- Born: 1887 Elizabethgrad (now Kropyvnytskyi, Ukraine)
- Died: 1960 (aged 72–73) Jerusalem, Israel
- Education: Cornell University (Ph.D. 1921)
- Scientific career
- Fields: Biochemistry, including thyroxin and insulin metabolism
- Institutions: Hospital for Joint Diseases, New York
- Thesis: Enzyme studies on Solanum elaeagnifolium (1921)

= Aaron Bodansky =

Russian-born American biochemist

Aaron Bodansky (1887 in Elizabethgrad – 1960) was a Russian-born American biochemist remembered for describing the Bodansky unit in the measurement of alkaline phosphatase in blood.

==Biography==
Aaron Bodansky was born in Russia in 1887 and emigrated to the United States in 1904, followed in the next two years by his parents and siblings. He studied biochemistry at Cornell University, earning a Ph.D. in 1921 with a thesis titled "Enzyme studies on solanum elaeagnifolium". In 1926, Bodansky was hired into the laboratory division of the Hospital for Joint Diseases (now part of NYU Langone Medical Center).

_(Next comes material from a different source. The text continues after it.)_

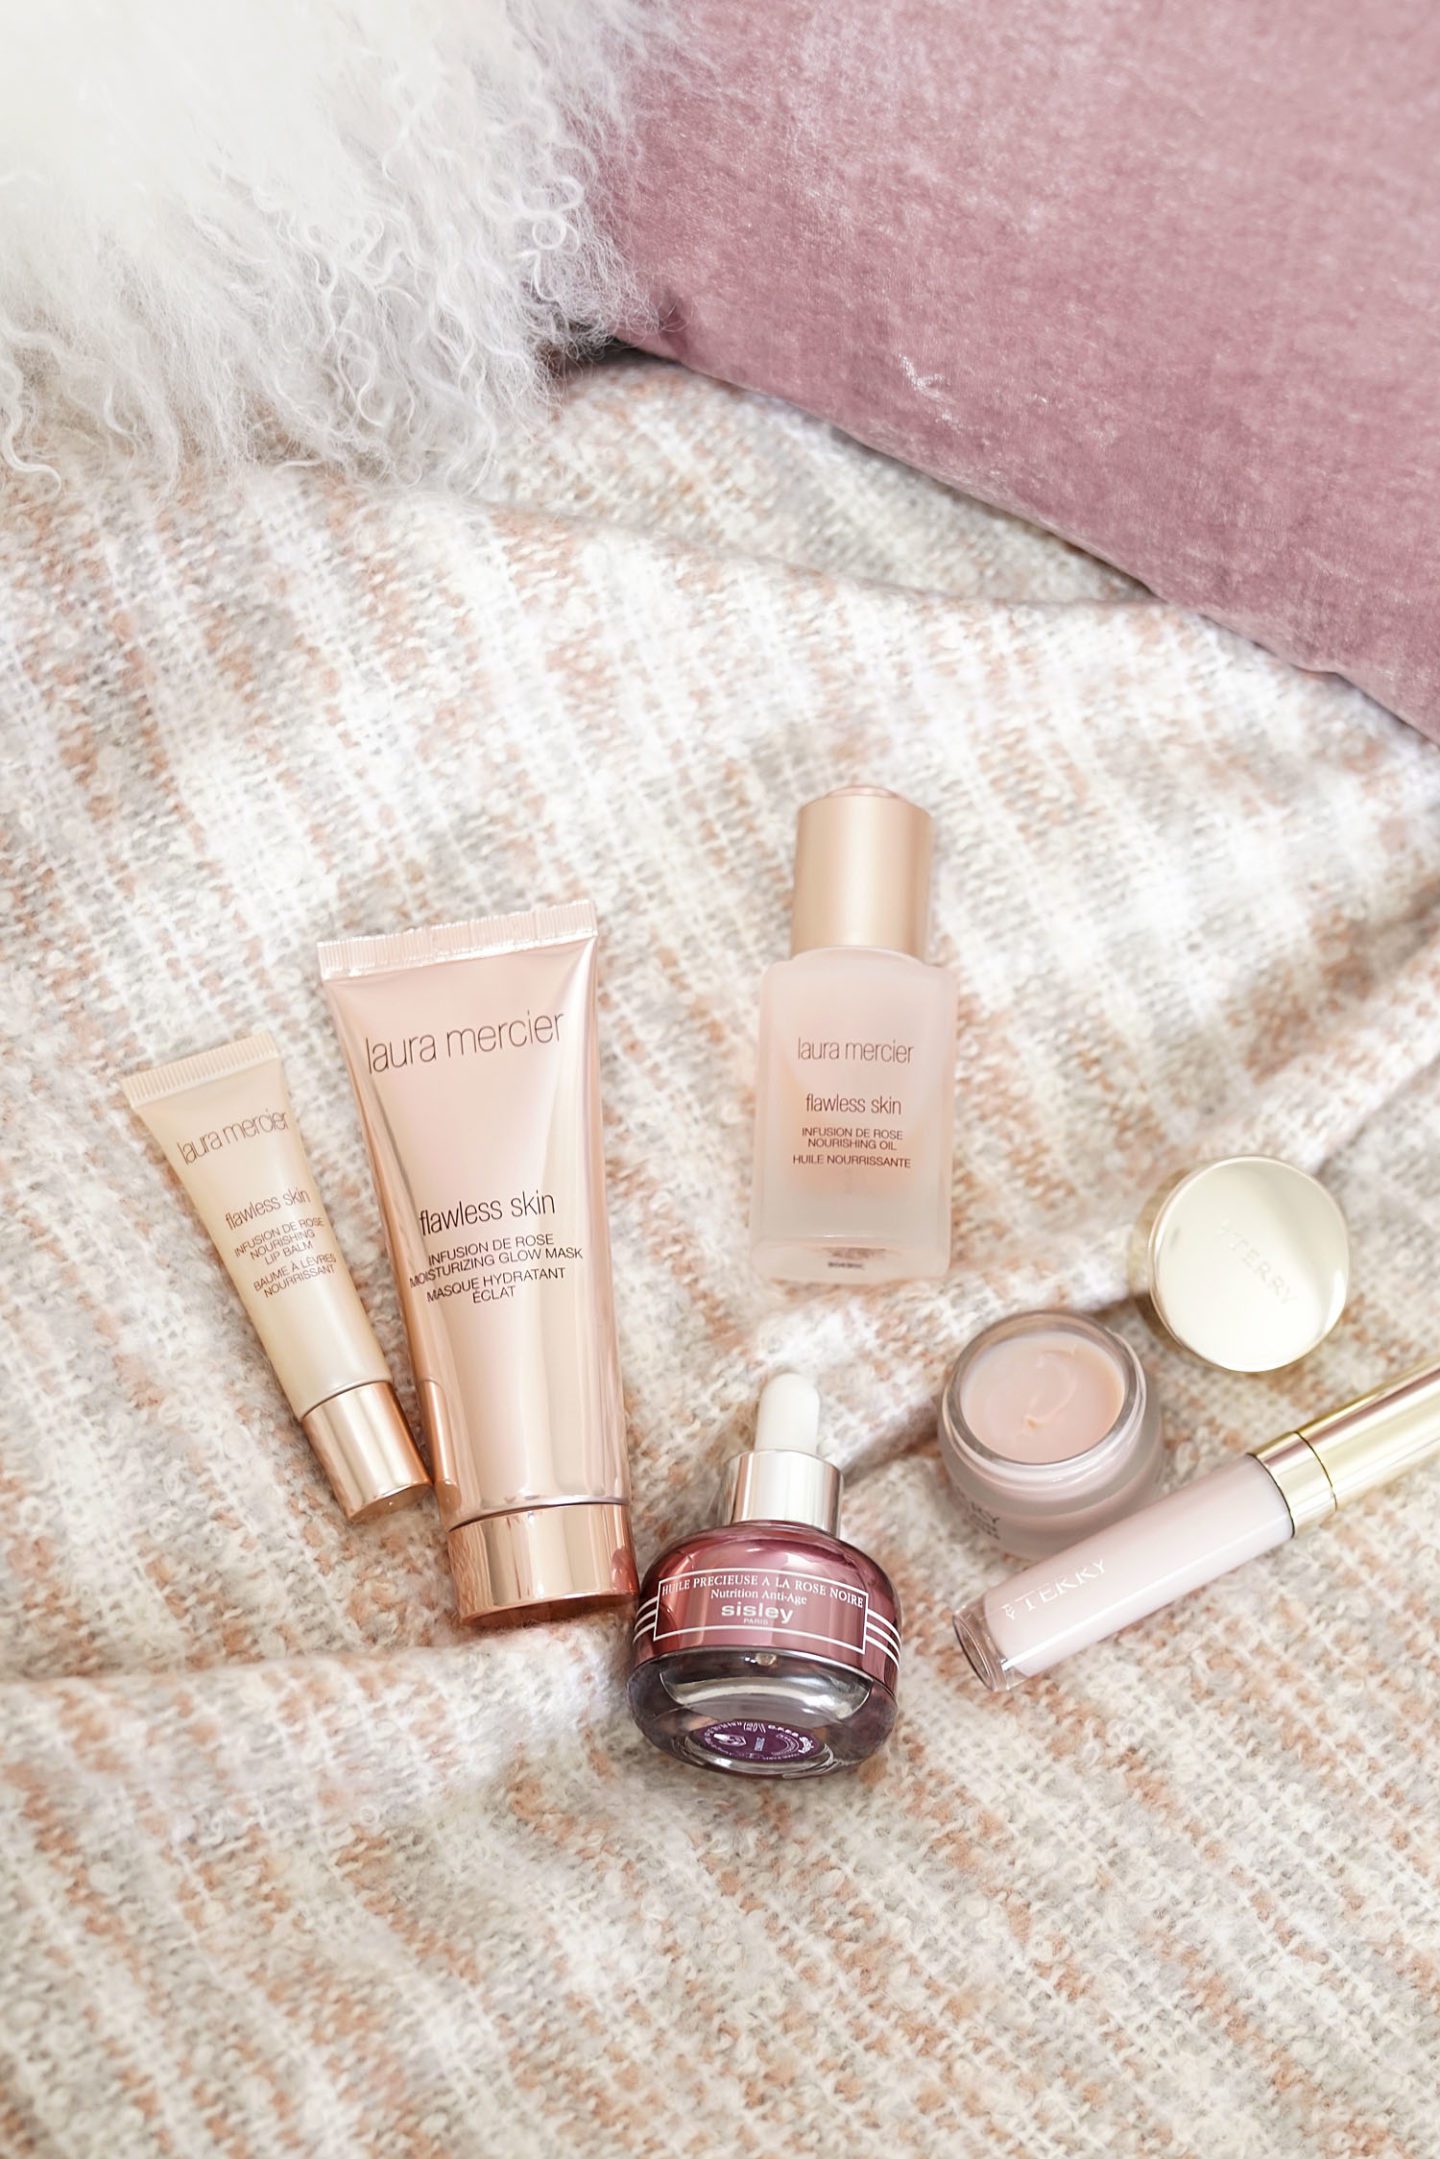 Best Rose Skincare Laura Mercier, Fresh, Sisley and By Terry

At the Hospital for Joint Diseases, Bodansky's work covered a variety of areas of biochemistry including thyroxin and insulin metabolism, metabolism of minerals and bones, liver function, and parathyroid function. His area of special interest was calcium metabolism. He published several papers in this field, including the work on measurement of phosphatase activity. He died in 1960 from a heart attack. Two brothers, Meyer Bodansky (1896-1941) and Oscar Bodansky (1901-1977) were themselves prominent biochemists, often leading to confusion in the attribution of their individual accomplishments.